What this text exhibits is that the limitation isn’t architectural capability, knowledge quantity, or optimization. It’s illustration.
By encoding enter coordinates with multi-scale Gaussian Fourier Options, we shift a lot of the issue’s complexity into the enter area. Excessive-frequency construction turns into express, permitting an in any other case strange neural community to approximate a perform that might be too complicated in its unique type.
This concept extends past fractals. Coordinate-based neural networks are utilized in pc graphics, physics-informed studying, and singal processing. In all of those settings, the selection of enter encoding will be the distinction between clean approximations and wealthy, high-detailed construction.

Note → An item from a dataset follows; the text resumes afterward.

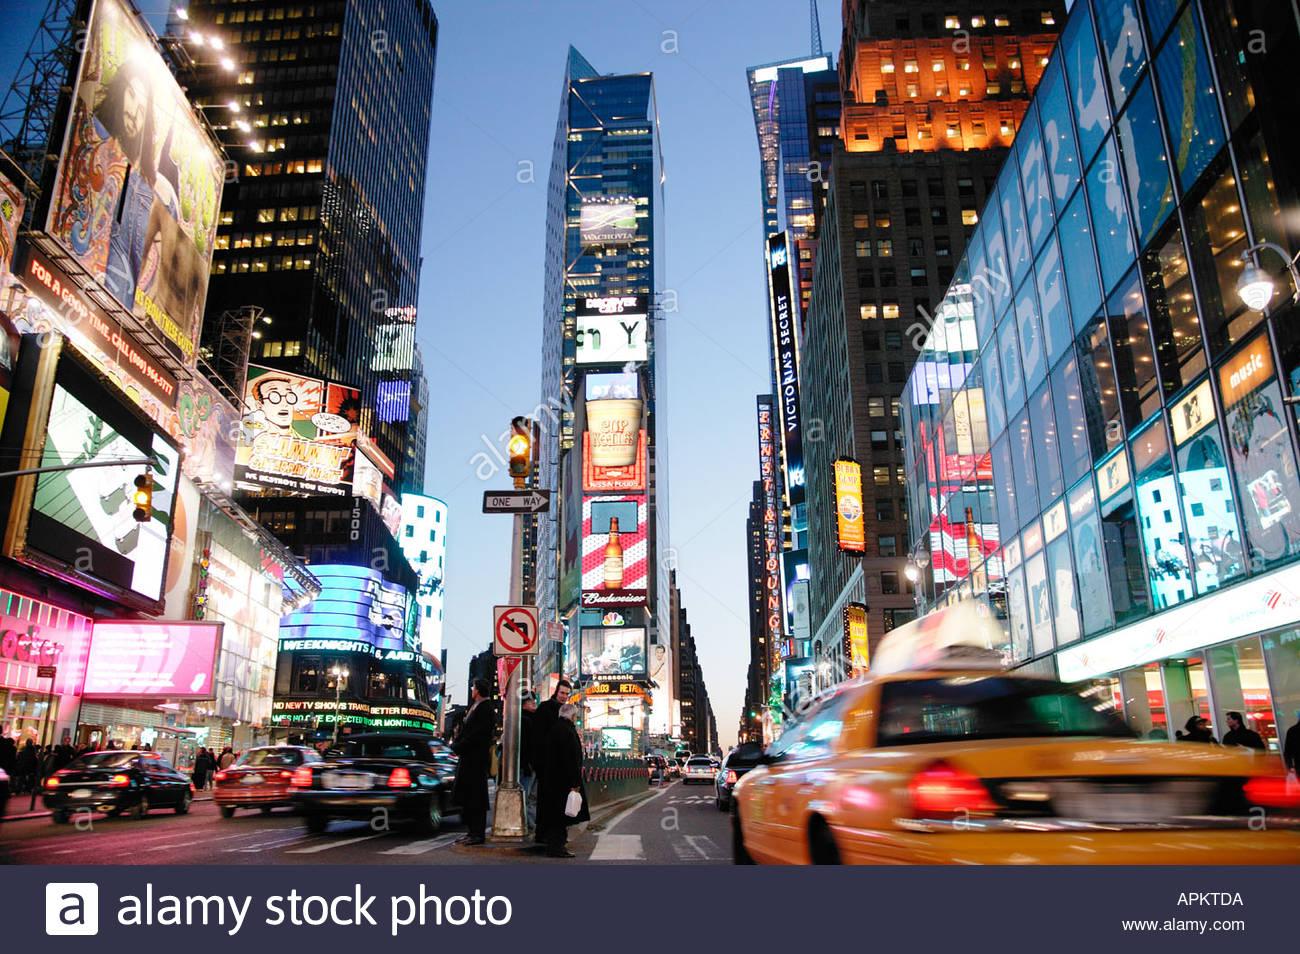 Times Square. (NYC, New York, USA) - Stock Image
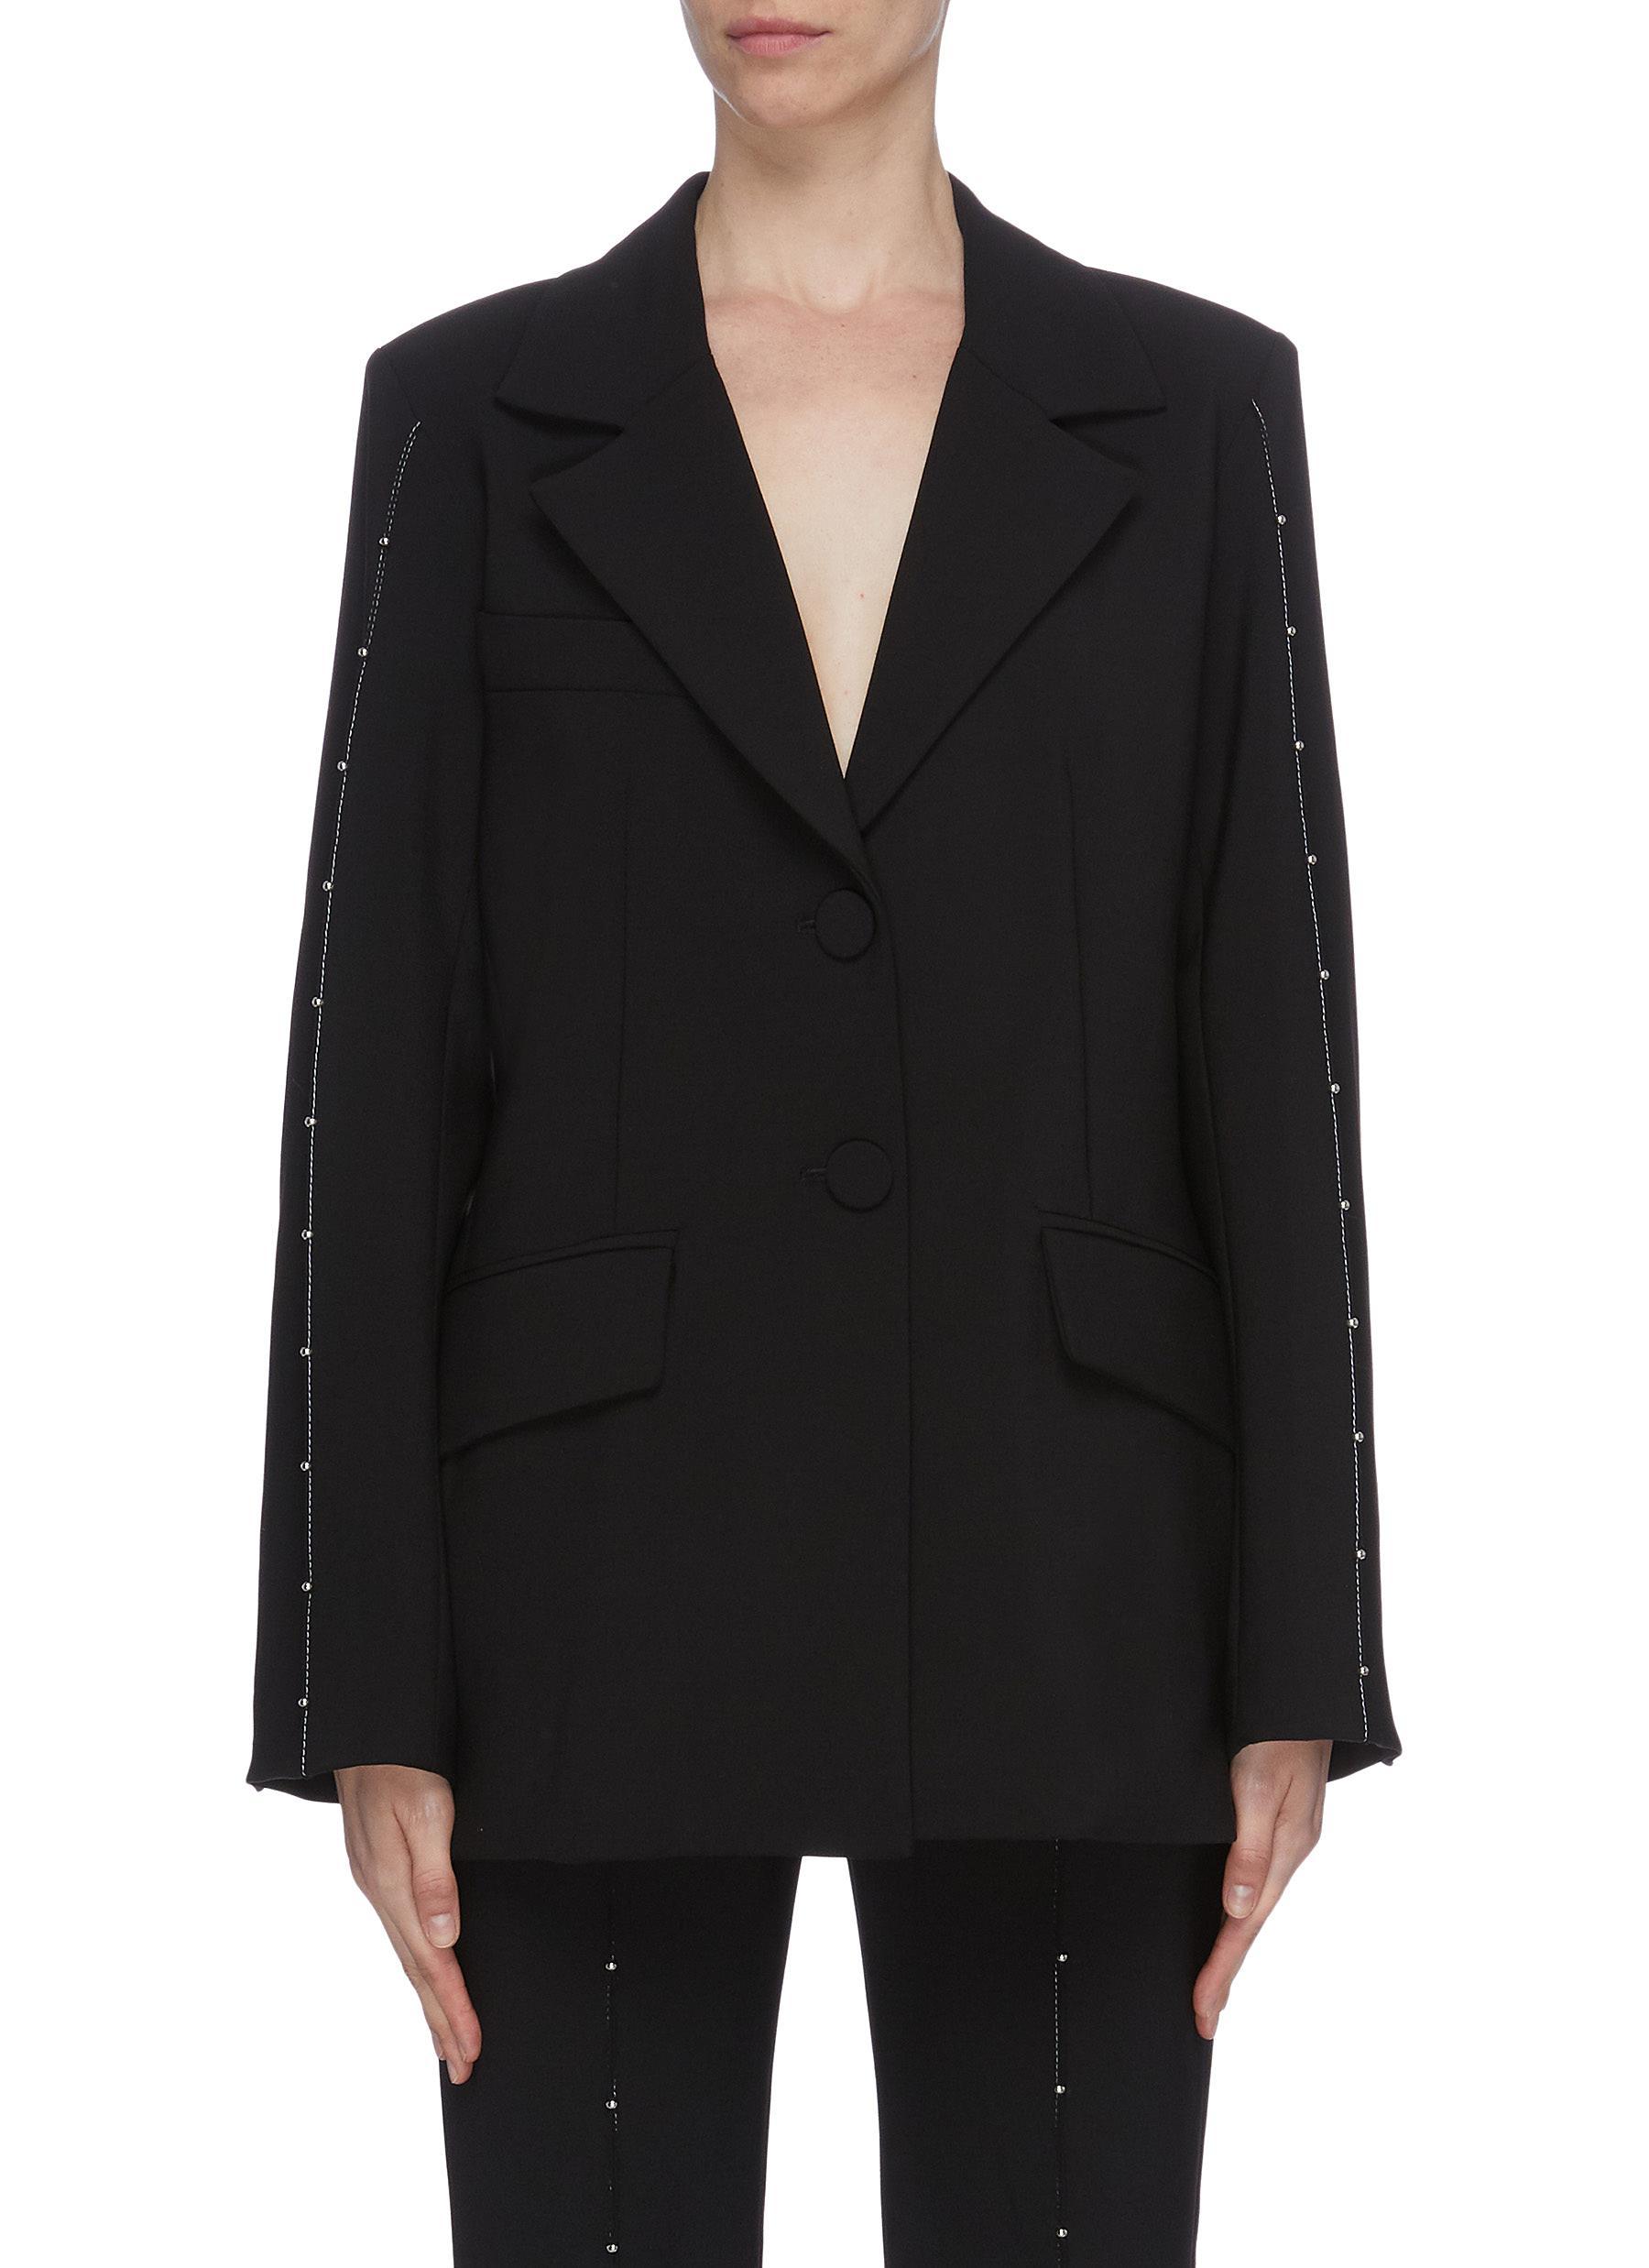 Patti embellished blazer by Ellery

Observe on visible property
All photographs, animations, and movies proven on this article had been generated by the writer from the outputs of the neural community fashions described above. No exterior fractal renderers or third-party visible property had been used. The complete code used for coaching, rendering photographs, and producing animations is accessible within the accompanying repository.